68. Pokémon Let’s Go, Pikachu! & Let’s Go, Eevee! (2018)
Another generation 1 remake, this time featuring roaming wild Pokémon, updated graphics, and interesting starter mechanics with the partner Pokémon.
69. Pokémon Sword & Shield (2019)
The first mainline Pokémon games on the Nintendo Switch, these two games brought us the wild area, new Pokémon, and Dynamaxing!
70. Pokémon TCG Card Dex (2019)
This app allowed you to scan your cards and keep track of your collection.
71. Pokémon Masters EX (2019)
This is a Pokémon-style gacha mobile app that lets you collect both trainers and their signature Pokémon.
72. Pokémon Home (2019)
A storage system where players can house Pokémon from various games.
73. Pokémon Mystery Dungeon: Rescue Team DX (2020)
A remake of the original Pokémon Mystery Dungeon Red & Blue Rescue Team combined into one single Switch title.

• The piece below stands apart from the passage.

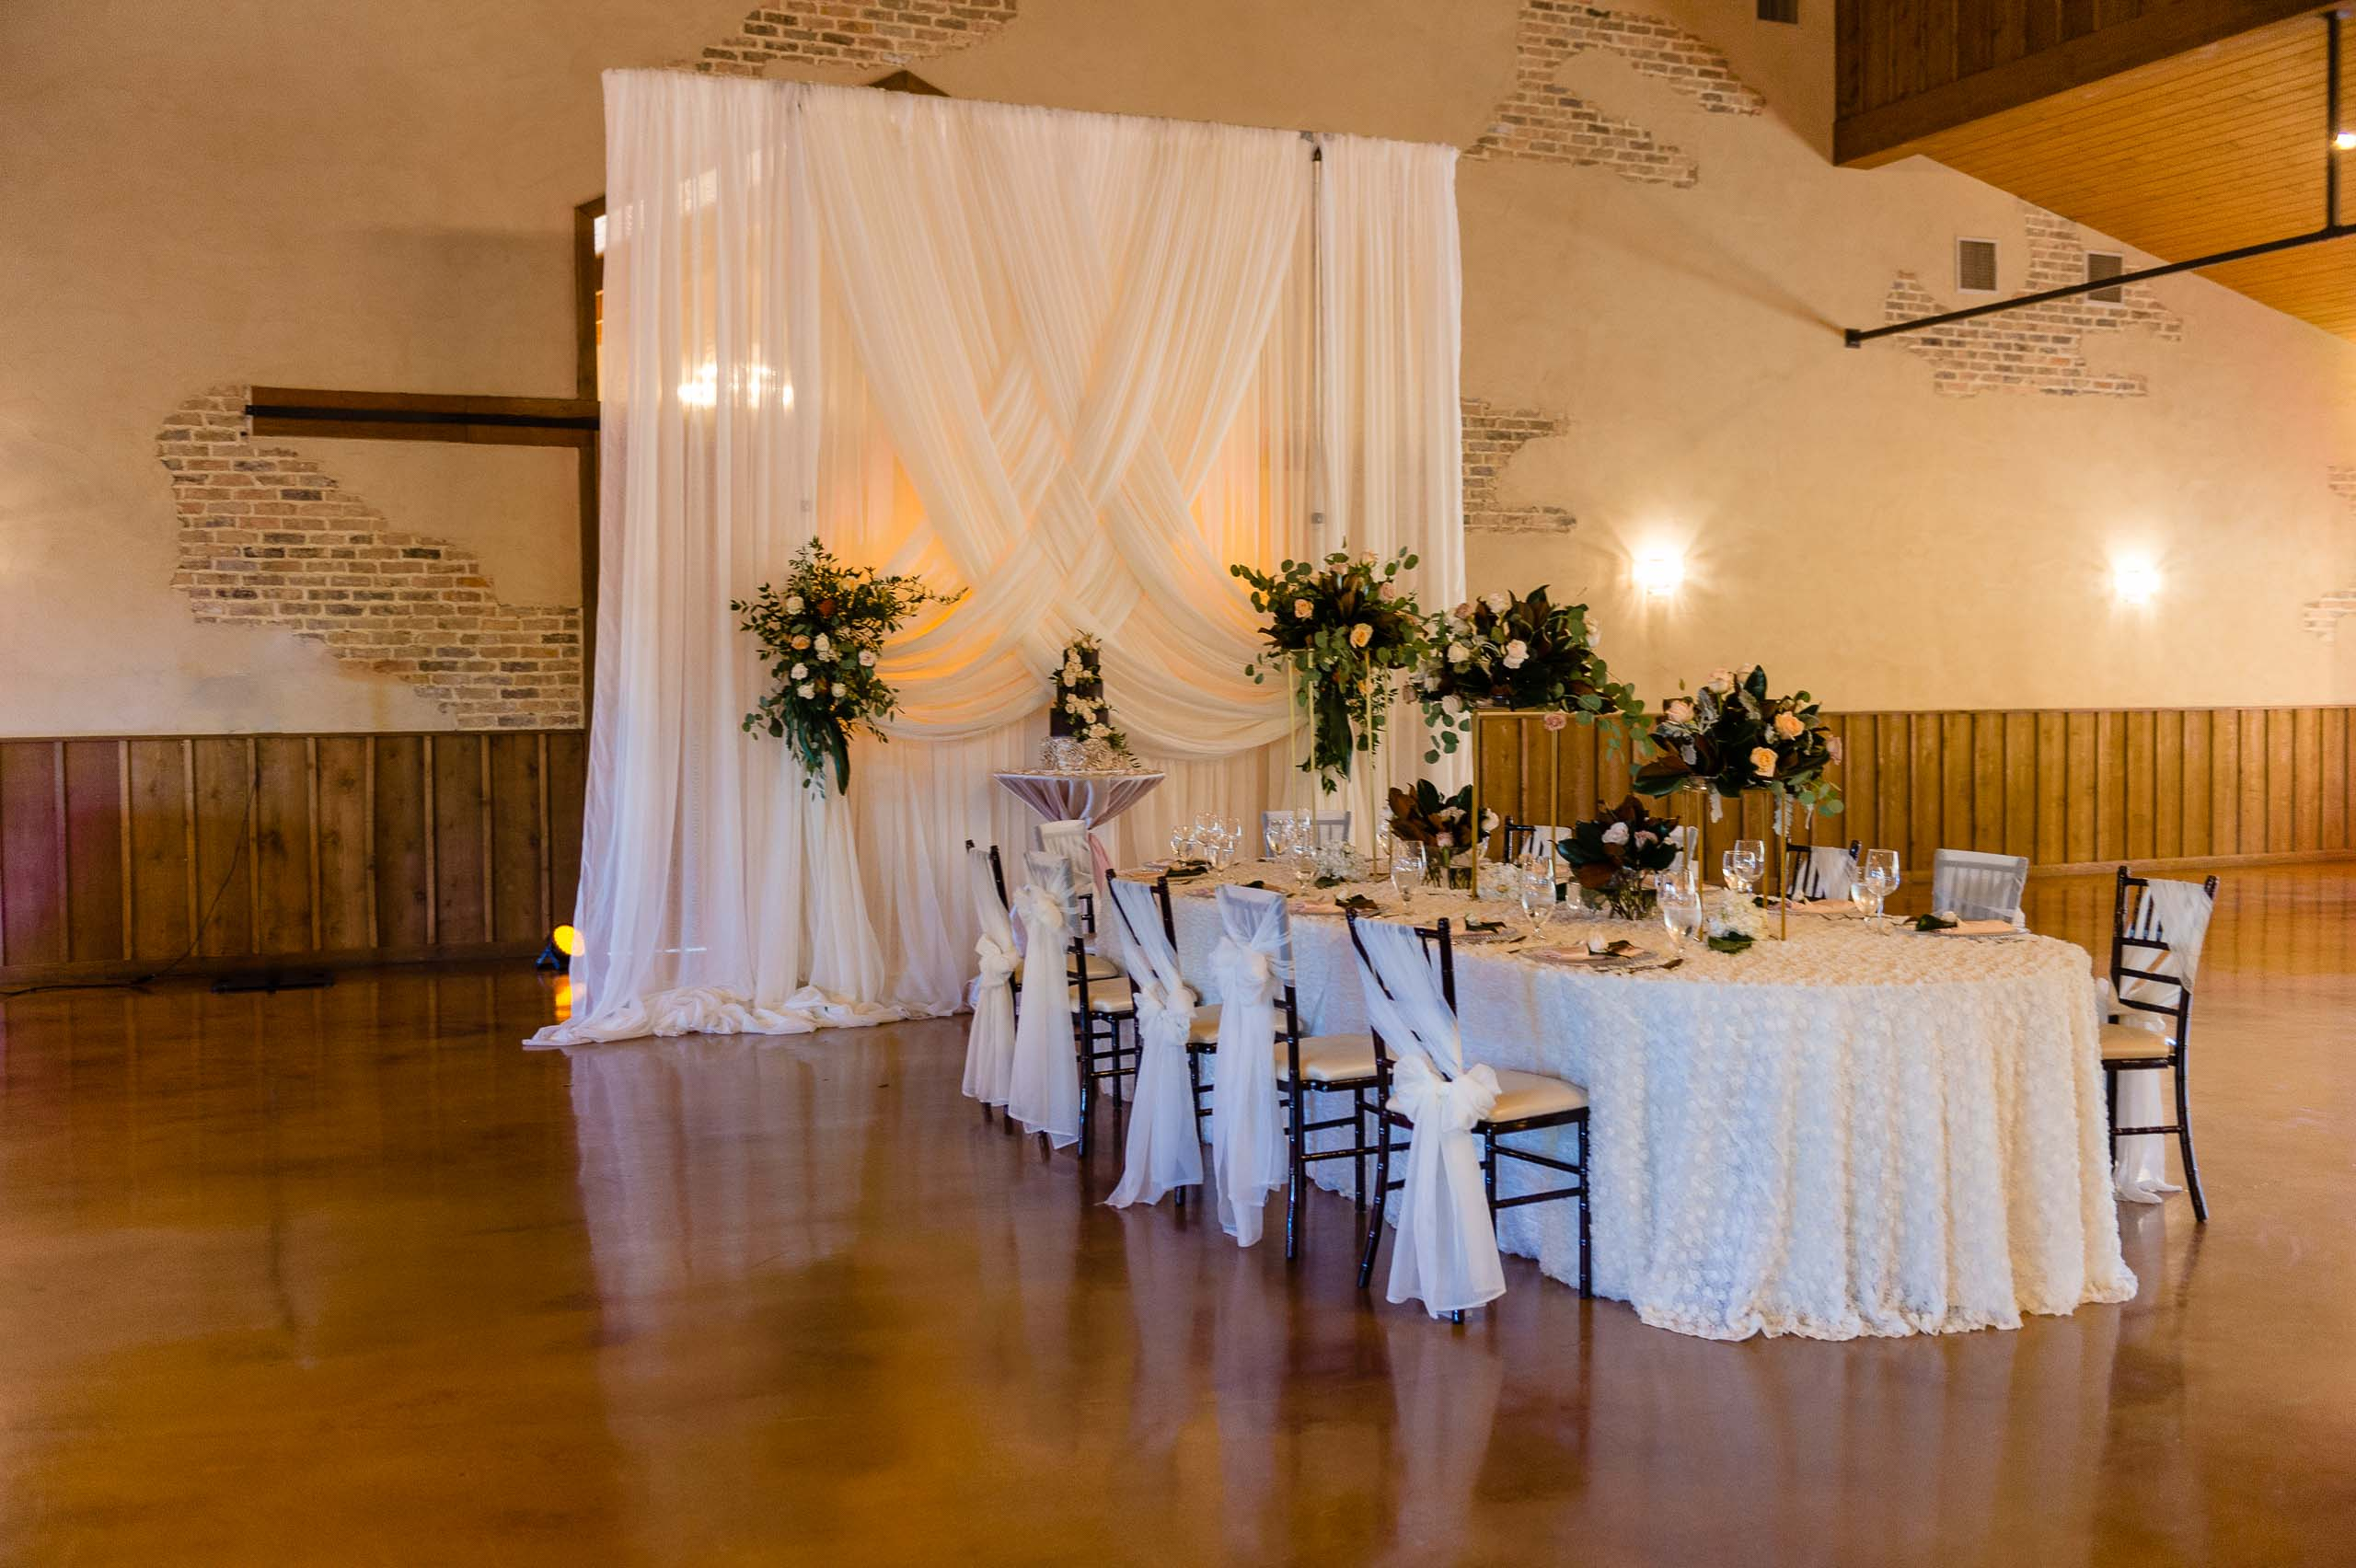 chandelier-of-gruene-winter-wedding-inspiration-_4S28009

74. Pokémon Café Mix (2020)
A fun and challenging puzzle game.
75. Pokémon Mezastar (2020)
Another arcade machine and the sequel to Battrio and Tretta.
76. Pokémon Smile (2020)
An app designed to encourage children to brush their teeth.
77. Pokémon Unite
This is a fun and free-to-play MOBA game in which you control Pokémon and must destroy enemy objectives to emerge victorious with the other members of your team.
78. New Pokémon Snap (2021)
A long-awaited sequel to the incredible Pokémon Snap on N64. This Switch game features even more courses, a day & night cycle, and even boss battles!
79. Pokémon Brilliant Diamond & Shining Pearl (2021)
Remakes of the original generation 4 games given a chibi art style and not much else. These games weren’t very well received, and it’s likely because they were just filling time for the next entry on this list.
80. Pokémon Legends: Arceus (2022)
The most innovative Pokémon game in decades, this title allows you to explore a vast open world and catch brand-new Pokémon in a bygone era of Sinnoh.
81. Pokémon Scarlet & Violet (2022)
Set to release in November, Pokémon Scarlet and Violet look like they will be the most fun Pokémon games yet!